More than thirty years later, Aiuppa needed help with an electrical issue at his house. A friend from his trapshooting club was an electrician and came over to help. Aiuppa showed the antlers to his friend, who “went bonkers.” Rough measurements were made, and the cat was officially out of the bag.
A few years after Aiuppa killed that giant Illinois buck, James Martin was just starting his landscaping business in New York. The business grew, allowing Martin to pursue other interests, such as whitetail antlers. Through the antler grapevine, Martin heard about the antlers and followed up.
After speaking with Aiuppa on the phone, Martin drove more than 600 miles from his home near Rochester, New York, to see Aiuppa’s deer himself. At 84, Aiuppa is “old school Italian,” Martin said. The two men chatted. Aiuppa told him of the hunt and why the deer stayed submerged in his basement for so long. “He’s just really into birds and not antlers,” said Martin. “I was thinking the deer might net 205, but when I saw it on the dining room table, I thought it would go higher.” Martin bought the antlers.
“I told my wife, who is very patient with this hobby, that this is the best deer I’ll ever put in this collection,” Martin said only half-joking. “Why is it tremendous? For one, it’s been missing for three decades. Then there are the sheds that another collector has from this deer. Once the picture of the rack came out, anyone who knew the sheds, knew what the deer was. If the sheds didn’t exist and it just popped up out of nowhere from 30 years ago, that would have been weird.”
The sheds of this buck were picked up in the 1990s, presumably while the buck was still alive. A farmer found one of them and tacked it to the side of his barn until a delivery driver offered him cash for it. According to Buckmasters, that shed scored 98-6/8 inches. The following year, James Albring found its last pair of sheds, which scored 95-0/8 (left) and 104-6/8, according to the North American Shed Hunter’s Club.
Martin says it was a no-brainer to get the antlers scored by a Boone and Crockett Club Official Measurer (OM). ‘ It doesn’t matter what score another outfit gives you; it only matters what score Boone and Crockett gives you.” He says OM Dave Boland scored the deer, whom Martin called the godfather of scoring. “He’s the most selfless guy you could ever meet.

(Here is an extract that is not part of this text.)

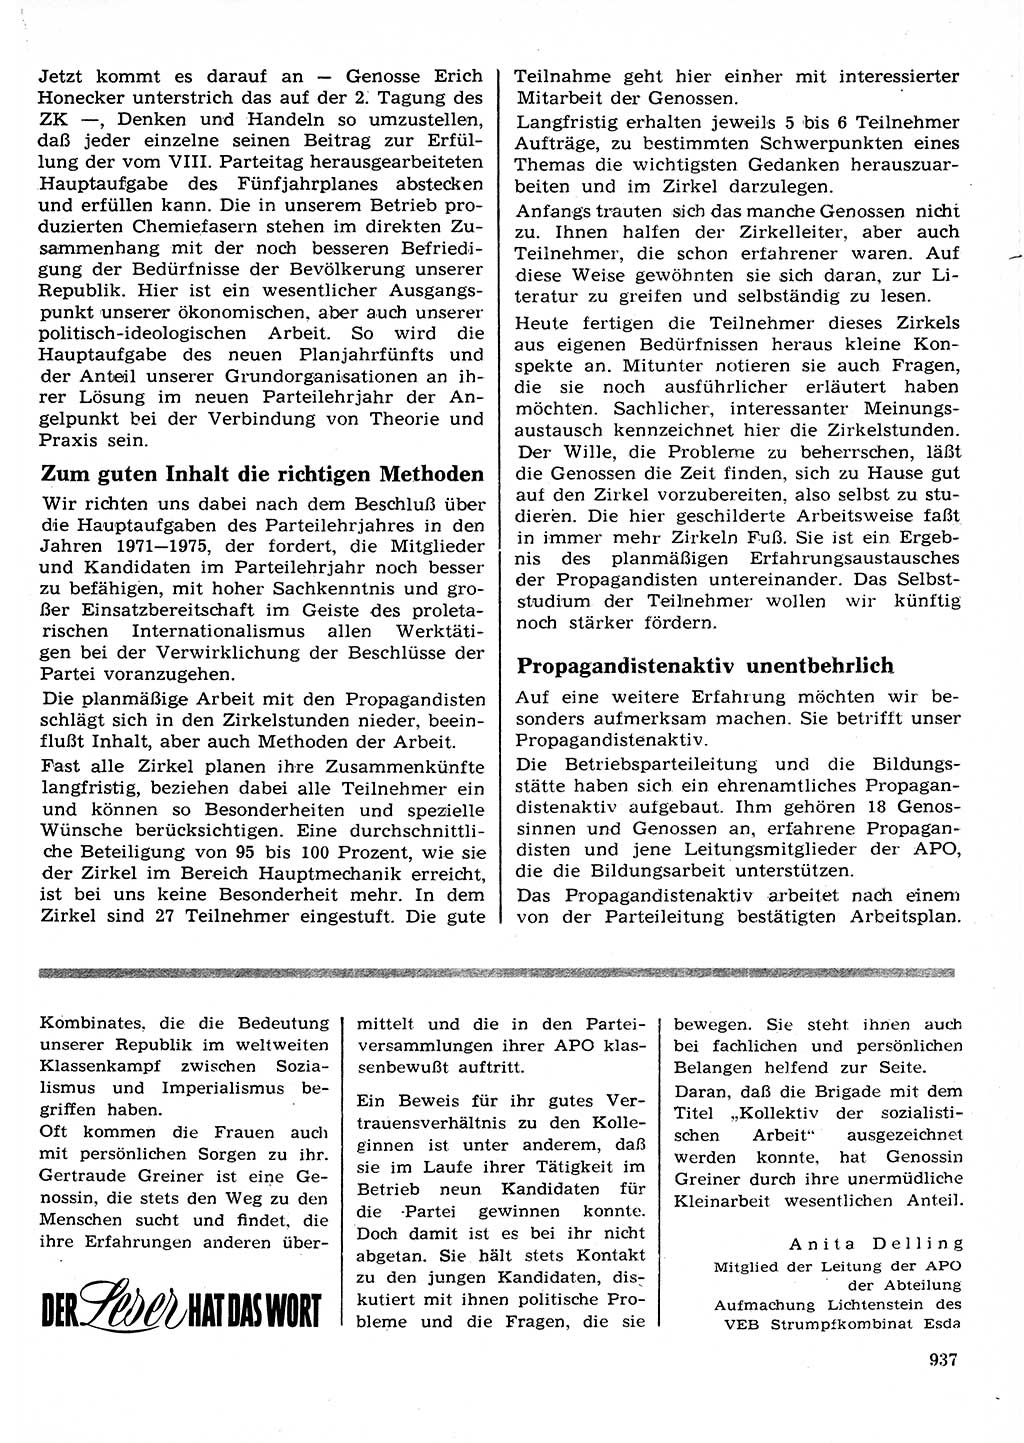 Neuer Weg (NW), Organ des Zentralkomitees (ZK) der SED (Sozialistische Einheitspartei Deutschlands) für Fragen des Parteilebens, 26. Jahrgang [Deutsche Demokratische Republik (DDR)] 1971, Seite 937 (NW ZK SED DDR 1971, S. 937)

That’s how he is. He’s such a boon for the Club.”
“The cool thing about this deer is that when Boone and Crockett scores it, they score it as a 5x5, and it’s got nine inches of abnormal,” says Martin. “And that deer is still able to overcome that.” The Aiuppa buck doesn’t have a matching G-5 on the left, and those eye guards are more than a foot long.
“Sam and the deer deserve the credit,” Martin says. “This is Sam’s deer, and I’m a caretaker for now.”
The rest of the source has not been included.